All studies were analysed in terms of sample size, age of the participants, stage of disease, and research methodologies. All miRNAs that were found to be differentially regulated in endometriosis and validated using qRT-PCR were listed. A ranking method devised by Griffith et al. (2006) for genes was followed for miRNAs [167]: the highest preference was given to the miRNA consistently dysregulated in more than one study. The sample size of the study was next in the order of importance, followed by the magnitude of fold change of miRNA expression.

4.6. Publication Bias

Publication bias is always a concern in systematic review, because all the research which takes place is not published. Studies with a significant result are more likely to be published compared to studies with null results. Moreover, well-controlled and properly carried out studies are less likely to achieve significance. In the current systematic review, only nine studies were included, and Begg and Egger funnel plots are unreliable in a review with less than ten studies [168].

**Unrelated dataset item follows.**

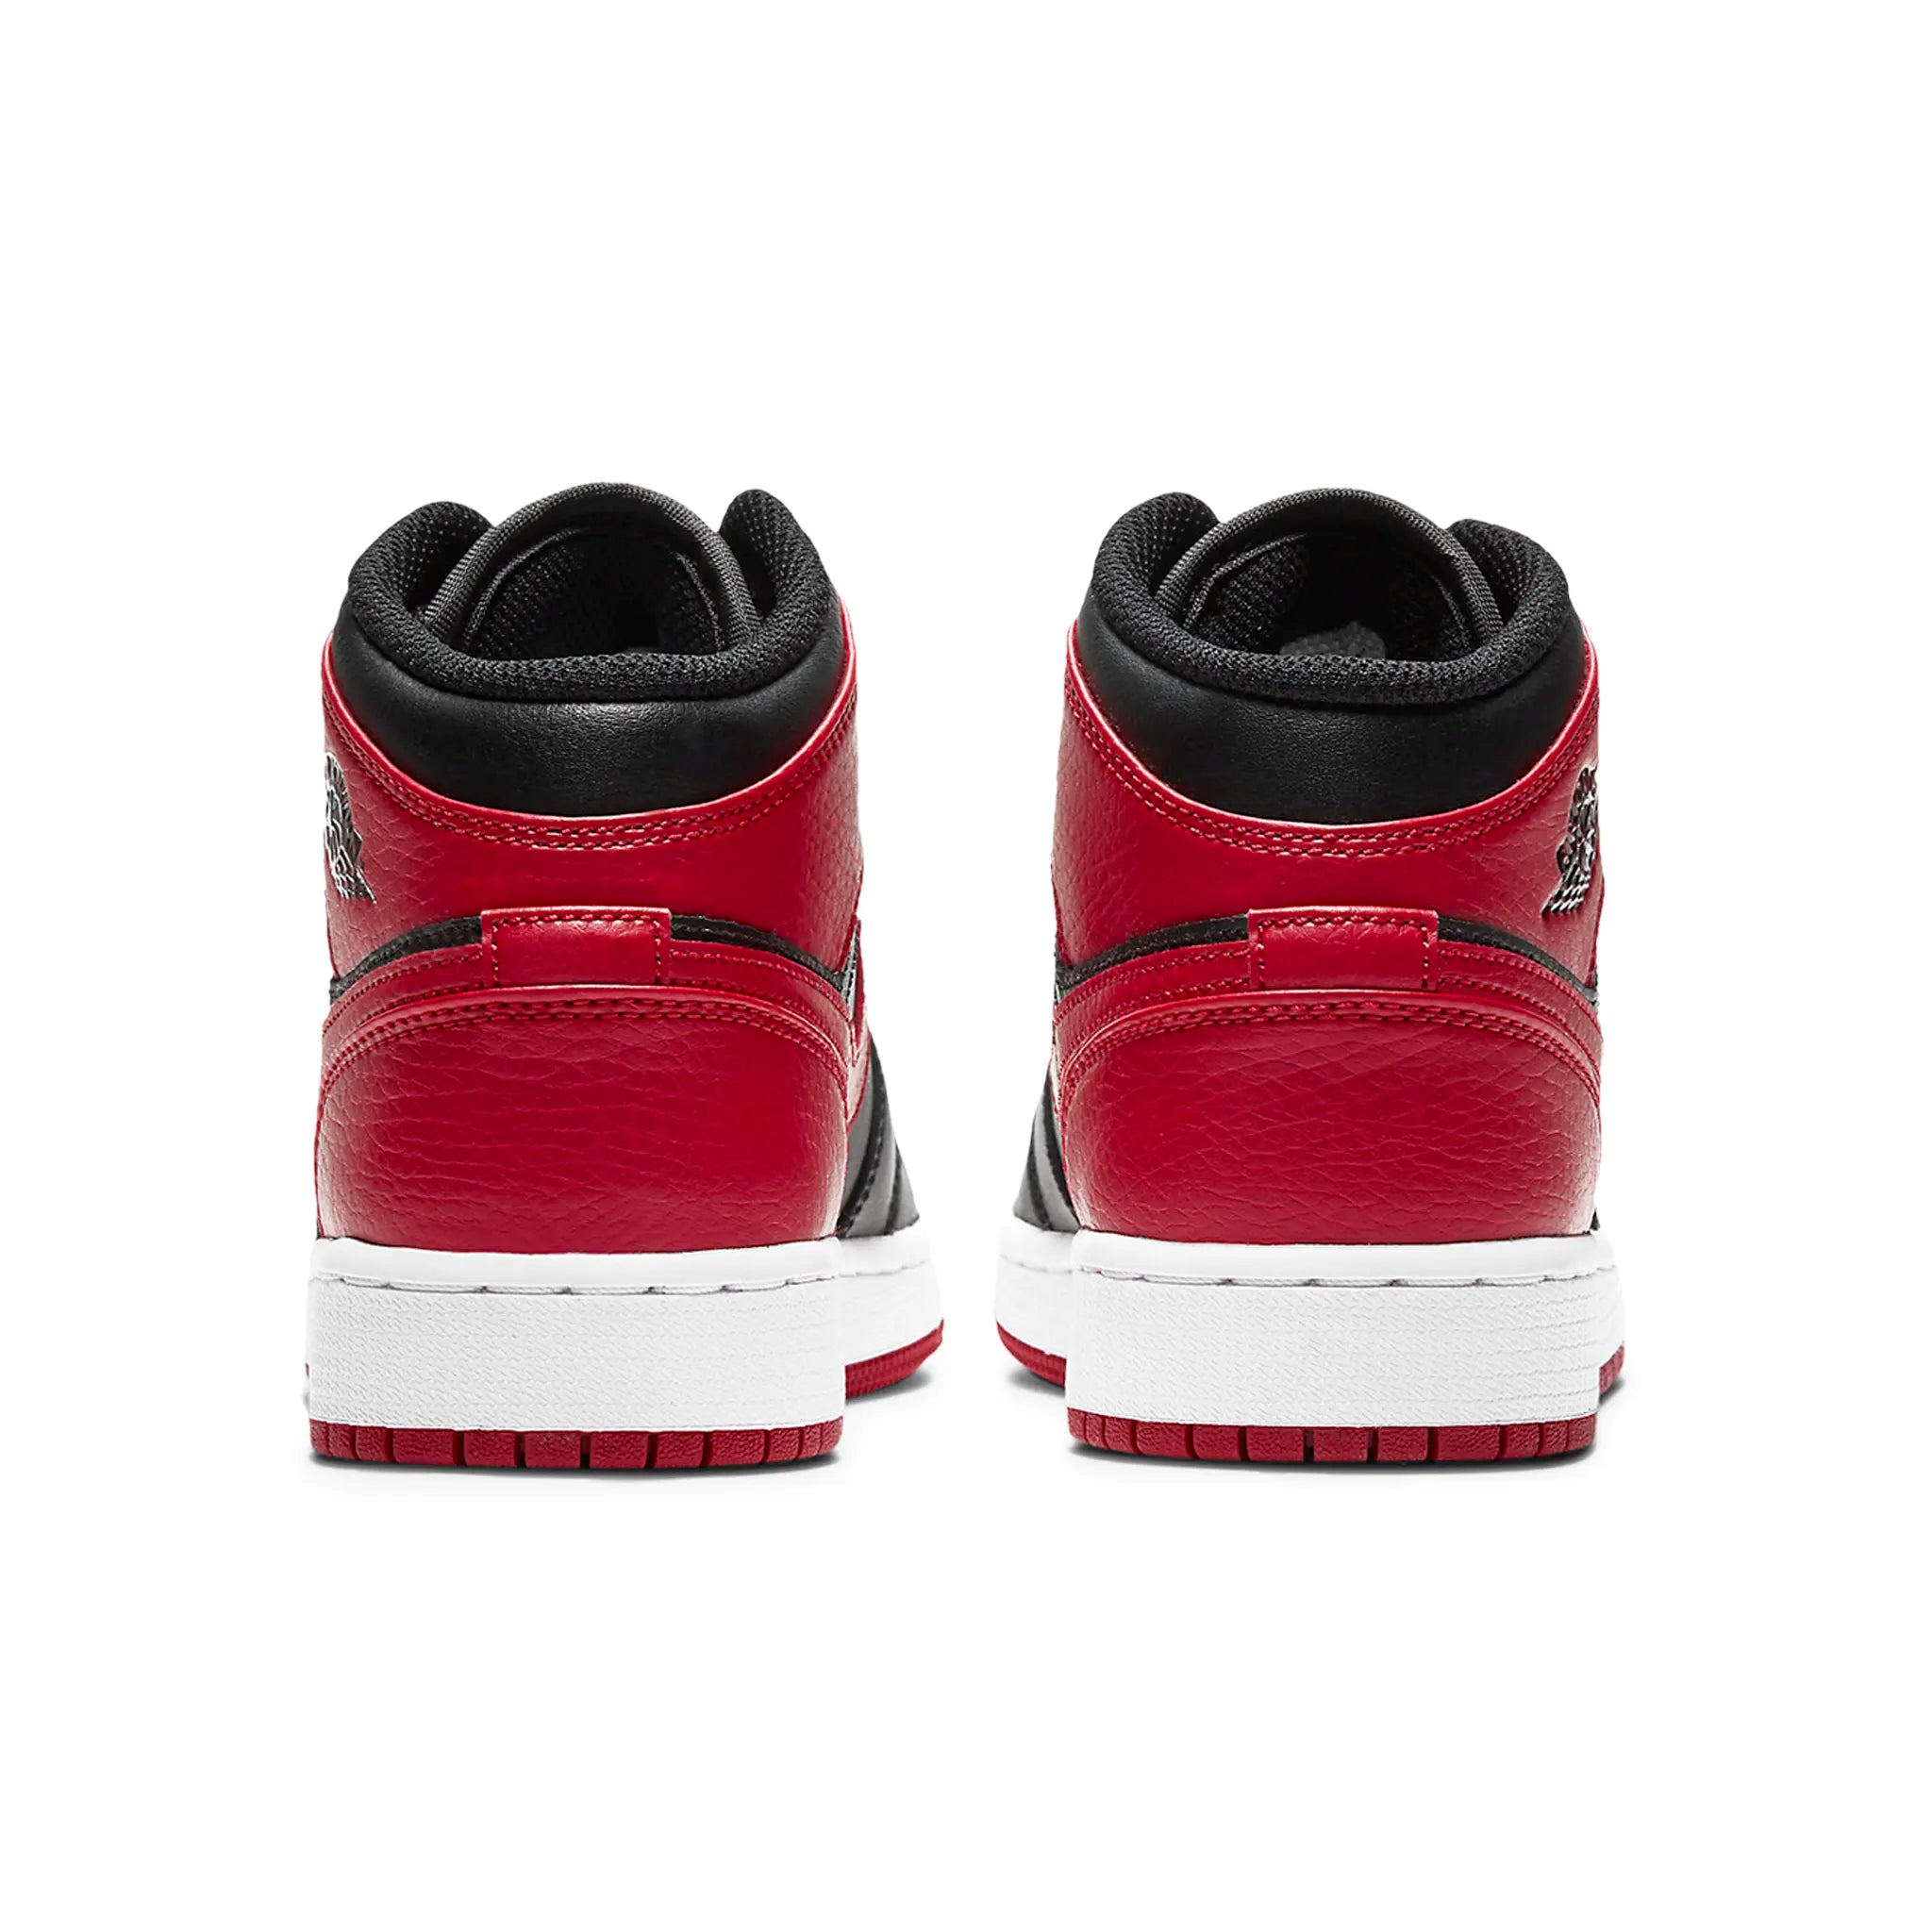 Back view of Air Jordan 1 Mid Banned (GS) 554725-074
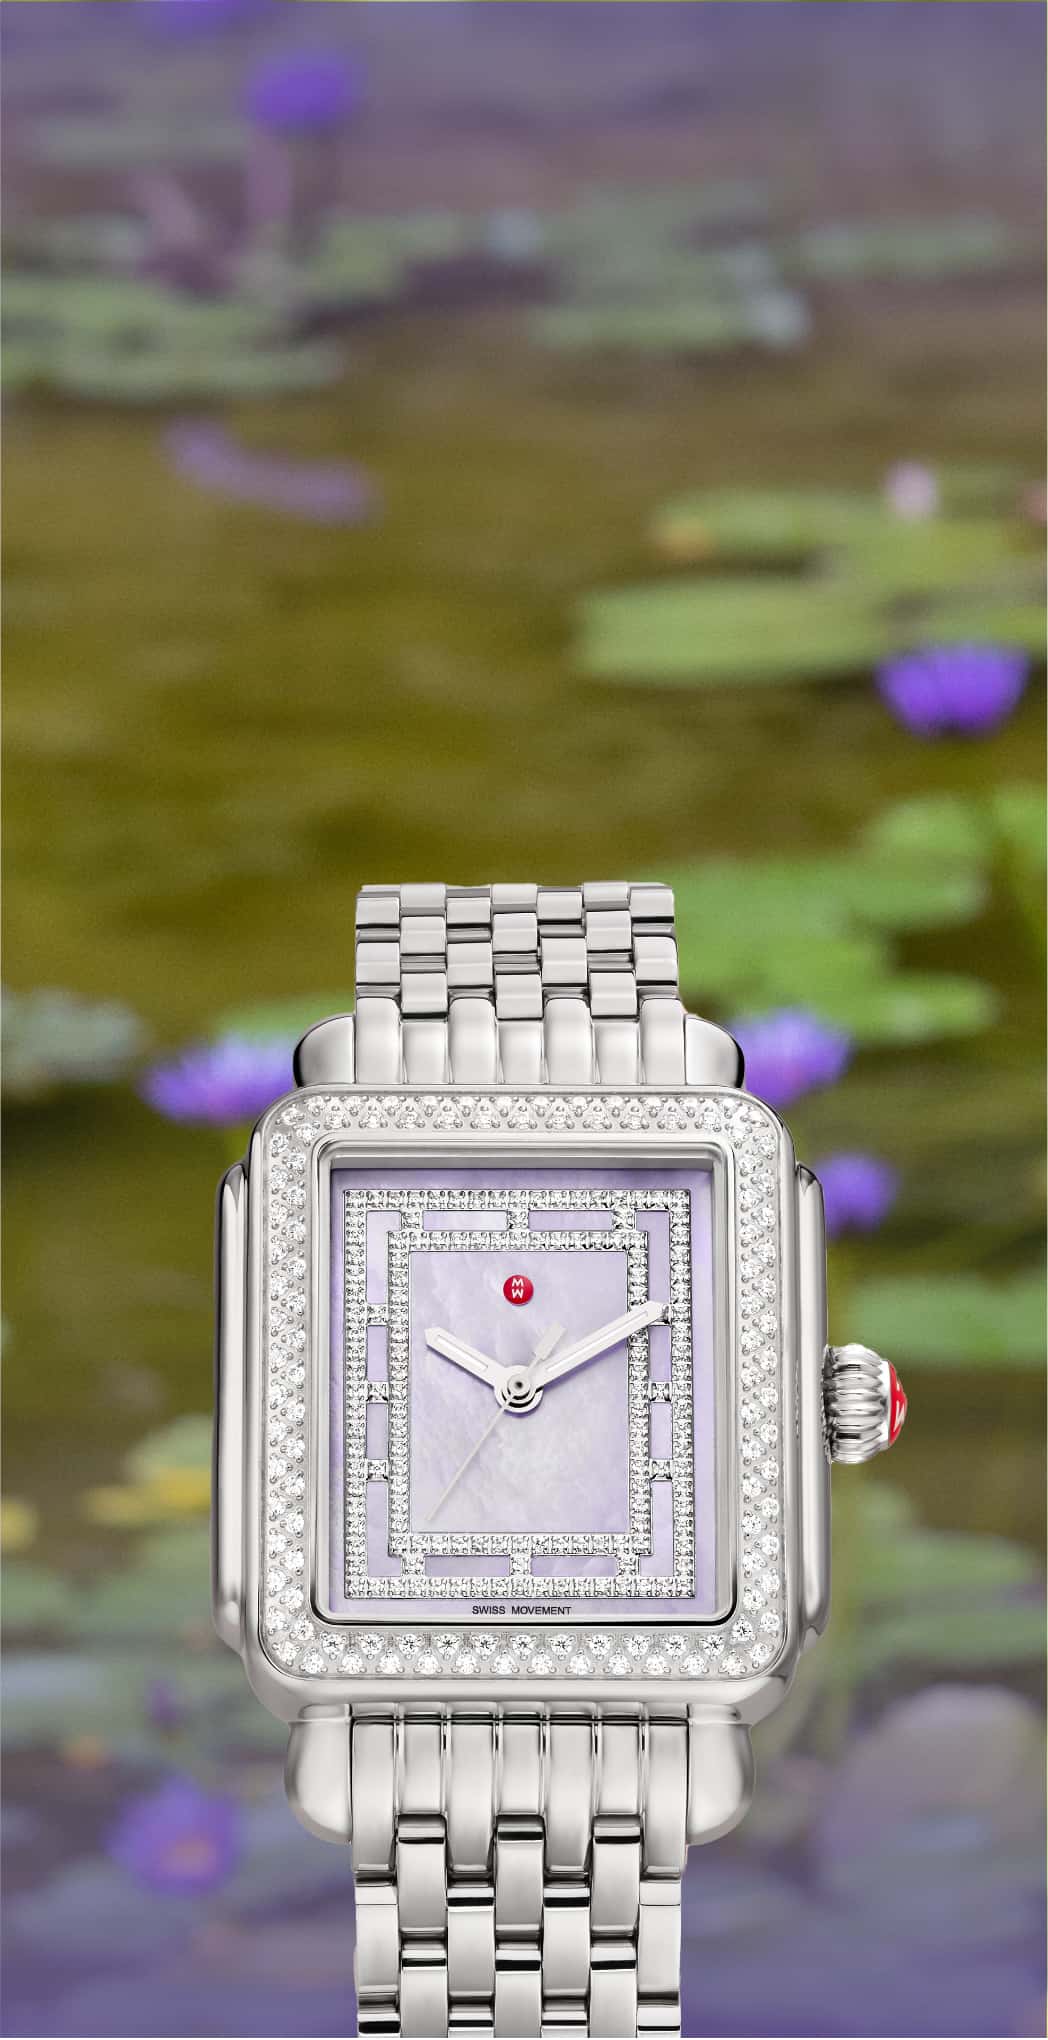 Deco watch with lavender mother-of-pearl face and pave diamond design

The systematic review was registered with the International Prospective Register of Systematic Reviews (PROSPERO) at http://www.crd.york.ac.uk/prospero, registration number CRD42016048410.

5. Conclusions

Based on the literature overview, circulating miRNAs seem to be promising candidates for a non-invasive biomarker for endometriosis. However, considerable discovery is yet to be done in this domain, and the techniques for miRNA profiling need to be further explored and standardised. The current disagreement between various studies as to methodology and results warrants the need for larger, well-controlled, systematic validation studies, with uniformity in research approaches, and involving a myriad of patient populations. The incongruity also accentuates the perplexity of this enigmatic disease, and highlights the necessity of novel techniques to design a reliable non-invasive test to diagnose endometriosis. We hope that our review might point towards the future oasis of true biomarkers, past the present miRNA mirage.